I am having difficulty setting up this model matrix. I have been looking through some tutorials and questions online but I can't seem to find the answer to my problem. I am at the point where I have decided I probably have no idea what I am doing. Here is my sample table:
structure(list(condition = structure(c(2L, 2L, 2L, 2L, 3L, 3L,
3L, 3L, 3L, 3L, 1L, 1L, 1L, 1L, 1L, 1L), .Label = c("Ctrl", "Drug1",
"Drug1_Drug2"), class = "factor"), genotype = structure(c(2L,
2L, 2L, 1L, 2L, 2L, 2L, 1L, 1L, 1L, 2L, 2L, 2L, 1L, 1L, 1L), .Label = c("KO",
"WT"), class = "factor"), replicate = c(1, 2, 3, 1, 1, 2, 3,
1, 2, 3, 1, 2, 3, 1, 2, 3)), .Names = c("condition", "genotype",
"replicate"), row.names = c("Drug1_WT1", "Drug1_WT2", "Drug1_WT3",
"Drug1_KO1", "Drug1_Drug2_WT1", "Drug1_Drug2_WT2", "Drug1_Drug2_WT3",
"Drug1_Drug2_KO1", "Drug1_Drug2_KO2", "Drug1_Drug2_KO3", "Ctrl_WT1",
"Ctrl_WT2", "Ctrl_WT3", "Ctrl_KO1", "Ctrl_KO2", "Ctrl_KO3"), class = "data.frame")
Which looks like this when formatted:
condition genotype replicate
Drug1_WT1 Drug1 WT 1
Drug1_WT2 Drug1 WT 2
Drug1_WT3 Drug1 WT 3
Drug1_KO1 Drug1 KO 1
Drug1_Drug2_WT1 Drug1_Drug2 WT 1
Drug1_Drug2_WT2 Drug1_Drug2 WT 2
Drug1_Drug2_WT3 Drug1_Drug2 WT 3
Drug1_Drug2_KO1 Drug1_Drug2 KO 1
Drug1_Drug2_KO2 Drug1_Drug2 KO 2
Drug1_Drug2_KO3 Drug1_Drug2 KO 3
Ctrl_WT1 Ctrl WT 1
Ctrl_WT2 Ctrl WT 2
Ctrl_WT3 Ctrl WT 3
Ctrl_KO1 Ctrl KO 1
Ctrl_KO2 Ctrl KO 2
Ctrl_KO3 Ctrl KO 3
Everything in the genotype column labeled "WT" is my signal and everything labeled "KO" is my background. So what I essentially want is a way to make the following comparisons where the background (KO) is separated from the signal (WT). I am feeding my model matrix to an R package that will do the rest, I just need to make sure it is set up correctly.

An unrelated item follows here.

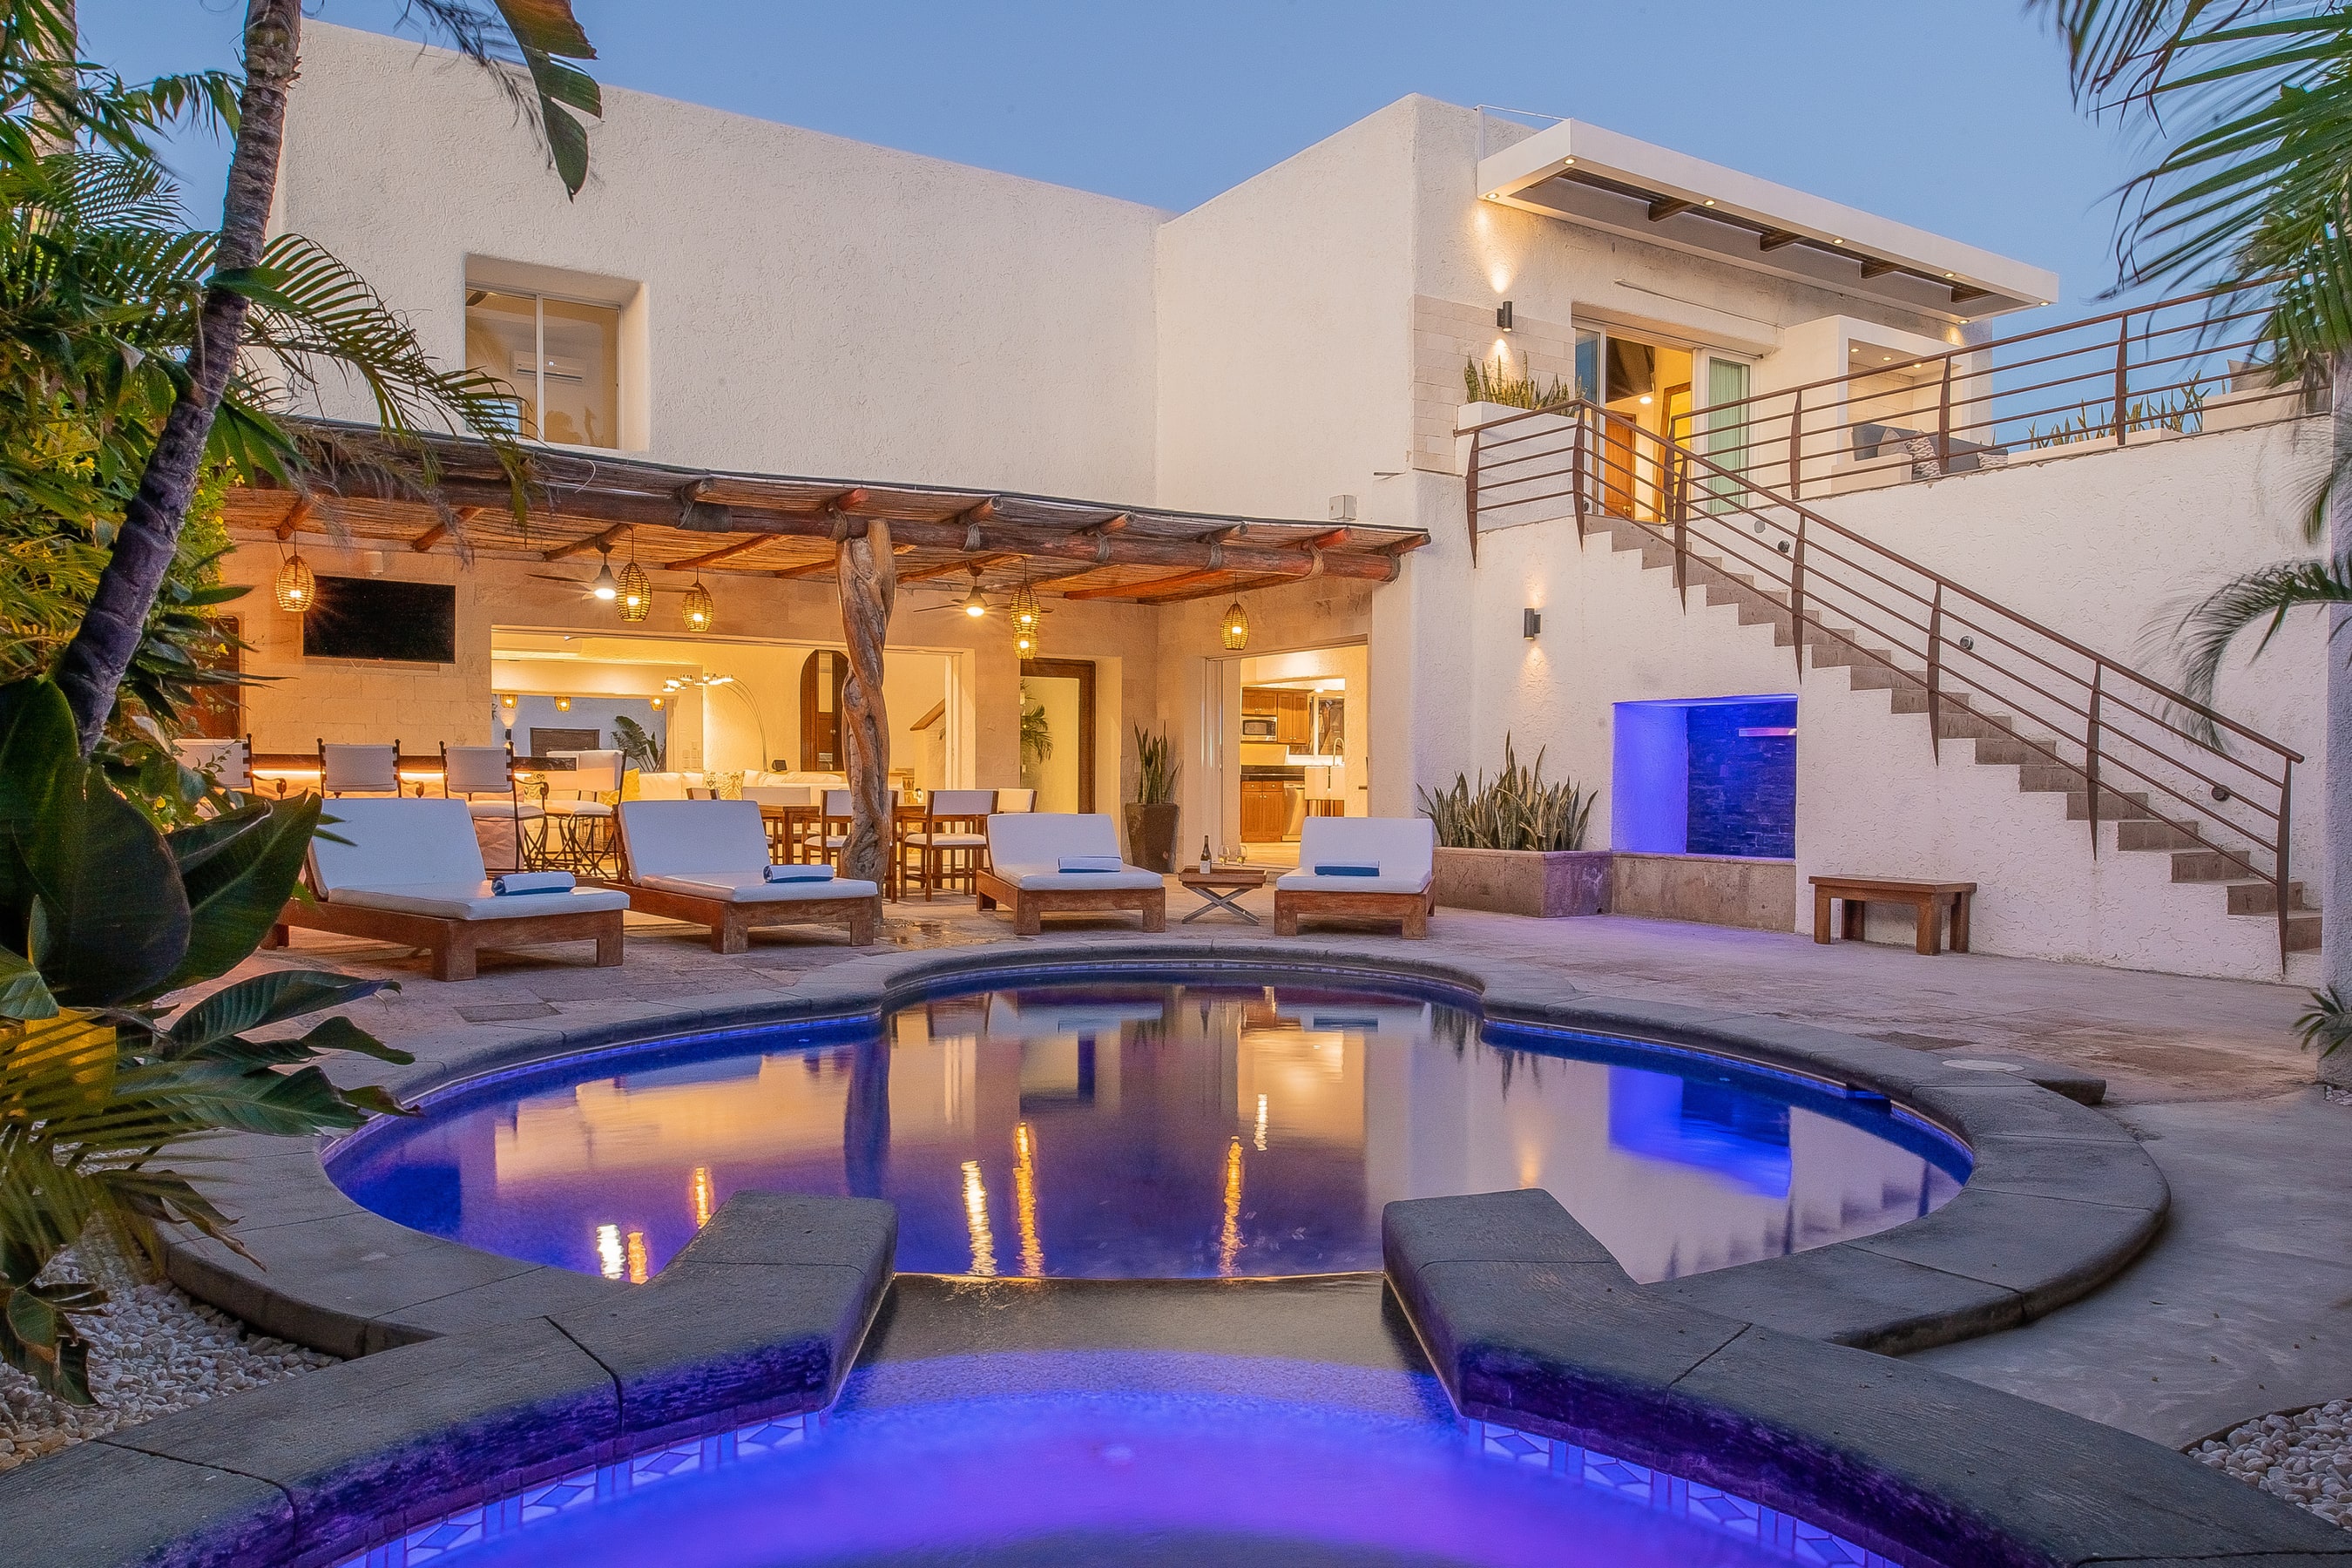 Cabo San Lucas, México – "Villa Luna Nueva" es la propiedad de bono de este año. La asombrosa casa cuenta con una zona exterior tropical, un amplio patio, una piscina privada y una terraza aislada con jardín.

- Drug1WT v. CtrlWT (with Drug1KO and Ctrl1KO as background)
- Drug1_Drug2WT v. CtrlWT (with Drug1_Drug2KO and CtrlKO as background)
- Drug1WT v. Drug1_Drug2WT (with Drug1KO and Drug1_Drug2KO as background)
Additionally, I would also like to compare:
- Drug1WT v. Drug1KO
- Drug1_Drug2WT v. Drug1_Drug2KO
- Ctrl_WT v. Ctrl_KO
I am not sure if these comparisons make sense the way I have my table set up. Here is what I have tried. The sample table is assigned to dat
.
with(dat, model.matrix(~ genotype * condition))
This gives me:
(Intercept) conditionDrug1 conditionDrug1_Drug2 genotypeWT
1 1 1 0 1
2 1 1 0 1
3 1 1 0 1
4 1 1 0 0
5 1 0 1 1
6 1 0 1 1
7 1 0 1 1
8 1 0 1 0
9 1 0 1 0
10 1 0 1 0
11 1 0 0 1
12 1 0 0 1
13 1 0 0 1
14 1 0 0 0
15 1 0 0 0
16 1 0 0 0
conditionDrug1:genotypeWT conditionDrug1_Drug2:genotypeWT
1 1 0
2 1 0
3 1 0
4 0 0
5 0 1
6 0 1
7 0 1
8 0 0
9 0 0
10 0 0
11 0 0
12 0 0
13 0 0
14 0 0
15 0 0
16 0 0
attr(,"assign")
[1] 0 1 1 2 3 3
attr(,"contrasts")
attr(,"contrasts")$condition
[1] "contr.treatment"
attr(,"contrasts")$genotype
[1] "contr.treatment"
Questions:
- Why isn't "KO" included in any of the columns of the design matrix?
- How does
model.matrix()
choose which coefficients are part of the model? There are combinations I am expected that are missing. - Based on what I am trying to achieve, how do I set up contrasts to indicate what I want to compare?
Additionally, any links to tutorials or external sources that could help me out would be appreciated.